アメリカのヘヴィ・メタル・バンド、MANILLA ROADの創設者であるギタリスト、マーク “ザ・シャーク” シェルトンが7月27日午前、『Headbangers Open Air』(我らが日本のLOUDNESSも出演していました)出演のために滞在していたドイツで死去したことが、バンドのヴォーカリストであるブライアン・パトリックのFacebookページで告知されました。

MANILLA ROADは日本では(恐らく日本に限りませんが)有名とは言い難いので、こういうほぼメタルのことしか書いていないブログの読者の方でさえ「誰?」という方が大半なのではないかと思います。

しかし、彼らはその筋ではカルト的な支持を誇るバンドで、どの筋かというと「エピック・メタル」と呼ばれる音楽の界隈で、MANILLA ROADはこのジャンル(?)におけるパイオニア的な存在としてマニアには高く評価されています。

…ということは、私も一時期「エピック・メタル」について掘り下げていた時期に初めて知ったことですが。

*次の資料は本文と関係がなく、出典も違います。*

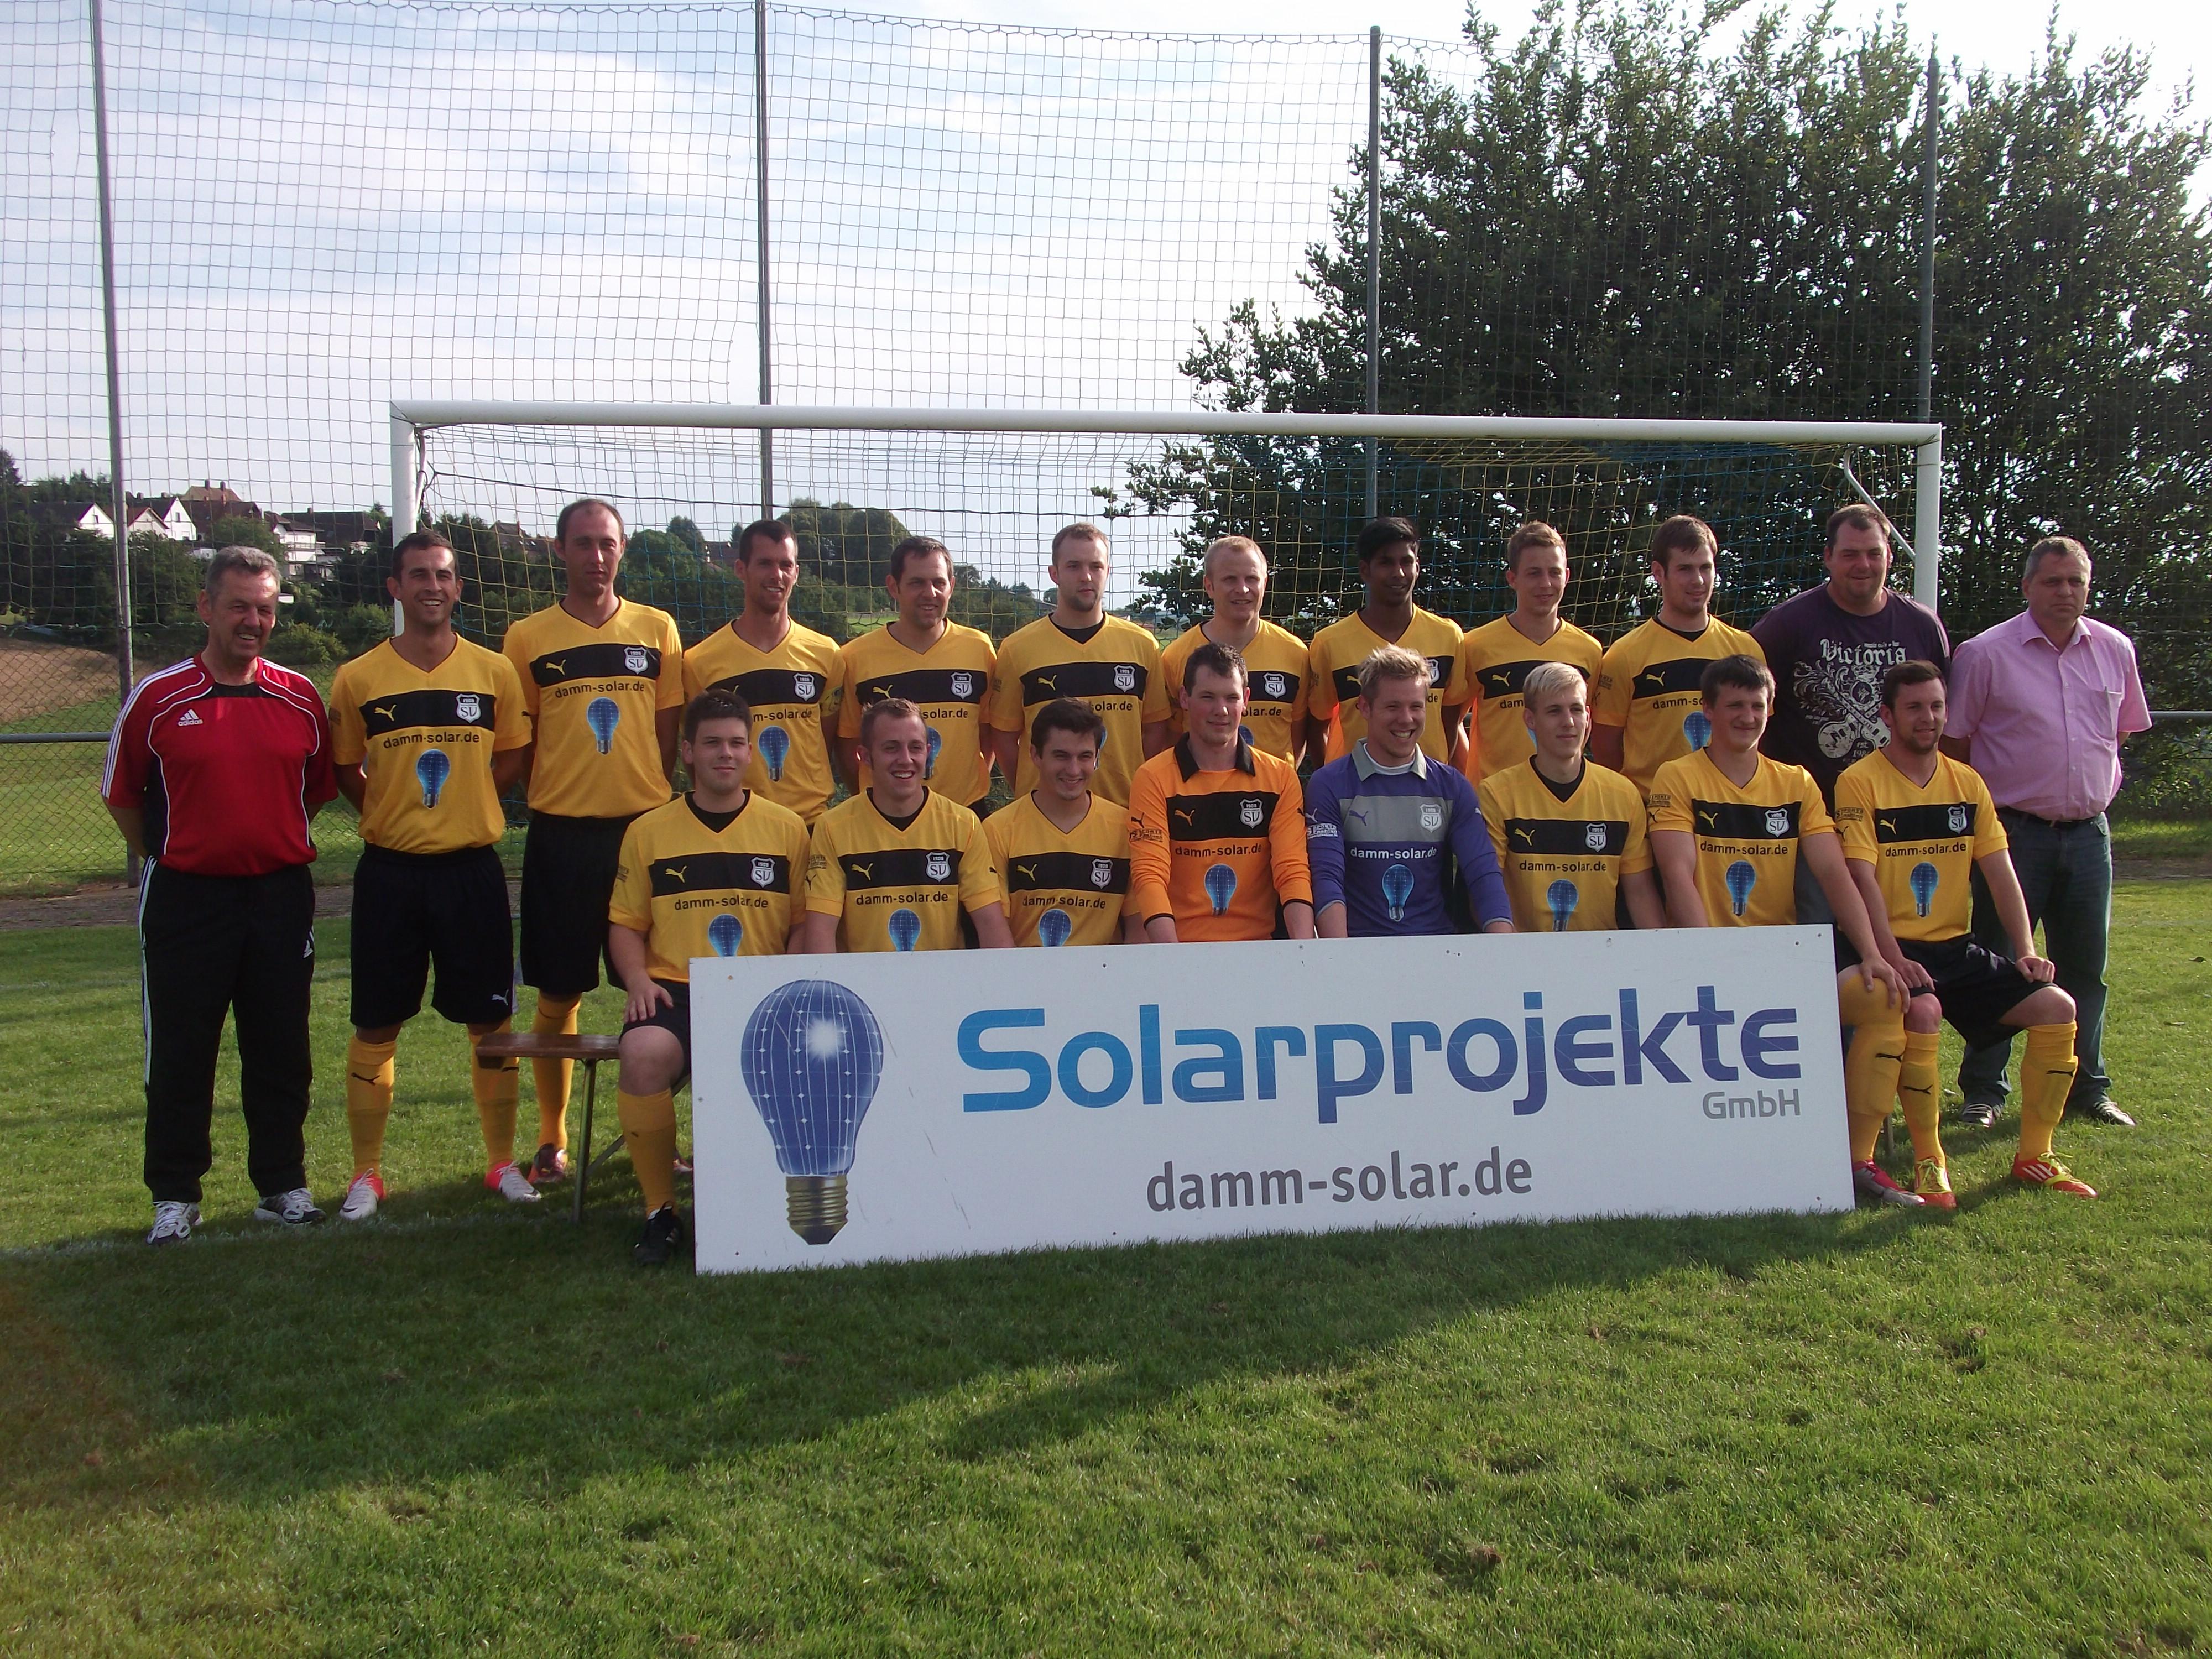 Mannschaftsfoto/Teamfoto von SV Herschberg

エピック・メタルというのは、訳すと「壮大な・叙事詩的メタル」ということで、日本で比較的よく知られたバンドでいうとMANOWAR、BLIND GUARDIANやRHAPSODY OF FIRE、KAMELOTあたりの音楽はこのジャンルに属するものとみなされています。この辺のバンドはこのブログの読者の方にはファンだという方も多いのではないでしょうか。

MANILLA ROADは1977年(私が生まれた年!)にカンザス州ウィチタでマーク “ザ・シャーク” シェルトンとそのハイスクールの友人を中心に結成され、1980年にデビュー・アルバム『INVASION』をリリース。

デビュー・アルバムの時点のサウンドはまだヘヴィ・メタルとは言い切れない(しかし、ヘヴィ・メタルでないとも言い切れない)、サイケデリック・ロック的な要素のあるハード・ロック・サウンドを鳴らしていたが、この時点でアルバムのアートワークにエピック・ファンタジーの象徴ともいえる「剣」が描かれており、13分超えの「The Empire」を筆頭に、長めの楽曲をプレイするという、後のエピック・メタルに通じる要素が確実に存在していた。

1982年にリリースされたセカンド・アルバムのタイトルが『METAL』であることから、当時イギリスからアメリカに伝わり、浸透しつつあったNWOBHMの影響を受け、己が取り組むべき音楽がヘヴィ・メタルであることを自覚していたと思われる。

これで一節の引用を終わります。